Wir gehen noch immer ins Film­mu­seum. Ins Stadtcafé, und sei unsere Abneigung noch so groß, können wir jetzt nicht mehr. Trauer oder Wehmut sind aber unan­ge­bracht. Die Betreiber hatten schon seit langem genug von uns Cineasten, die nichts aßen, keinen teuren Rotwein tranken, nur Bier. Und wenn es zum Zahlen ging, scherz­haft den Hauspreis verlangten. Oder: Den Hauspreis vom Hauspreis. Den hatte es für einige von uns tatsäch­lich einmal gegeben, aber auch der war natürlich längst abge­schafft, genauso wie der »Freitags-Espresso«, den man am Nach­mittag hinge­stellt bekam. Die Öffnungs­zeiten wurden zu Schließungs­zeiten, die sich immer breiter machten. Bis es keinen Sinn mehr machte, nach der 21-Uhr-Vorstel­lung im Film­mu­seum noch das Stadtcafé ins Auge zu fassen. So wurde aus dem Stadtcafé, unserer Heimat, ein abwei­sender Nicht-Ort, das nur noch als Tagescafé beliebt war, belagert von Kinder­wagen und Einkaufs­ta­schen. Man brauchte und wollte uns nicht mehr.
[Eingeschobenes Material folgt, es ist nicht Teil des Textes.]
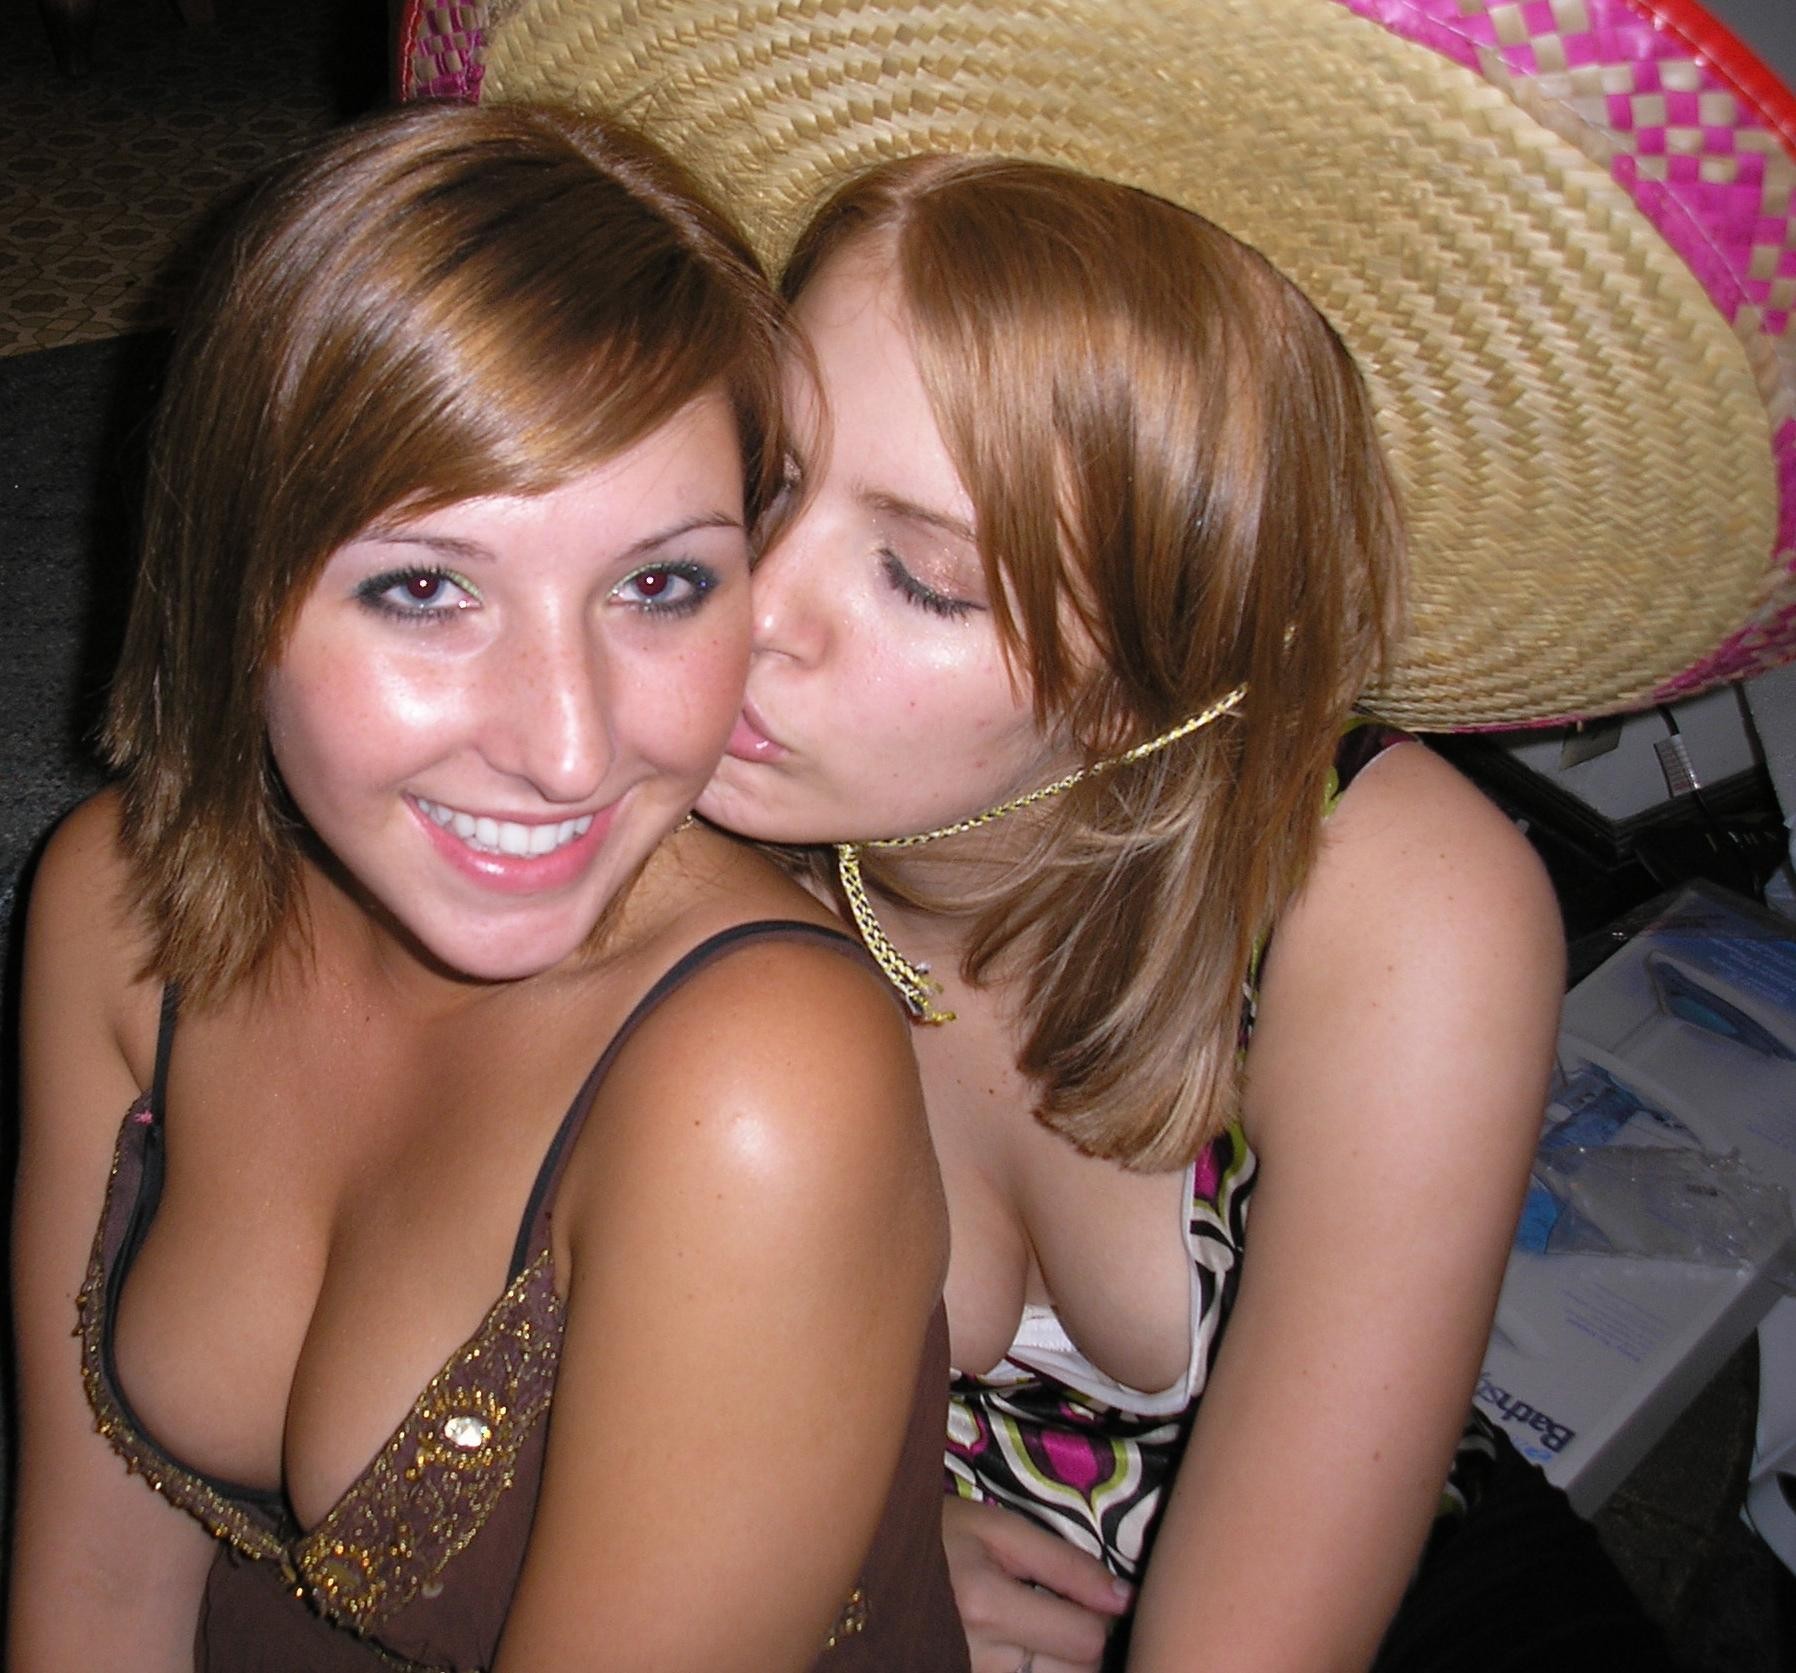 Cute teen down blouse sweet smile two girls.

So hat sich schon vor etlichen Jahren unsere regel­mäßige Frei­tag­abend-Insti­tu­tion in alle Rich­tungen aufgelöst. Einen neuen Treff­punkt haben wir nicht mehr gefunden. Was aus uns wird, wenn das Film­mu­seum 2027 wegen des Stadt­mu­se­ums­um­baus für fünf Jahre schließt, wollen wir uns an dieser Stelle gar nicht ausmalen.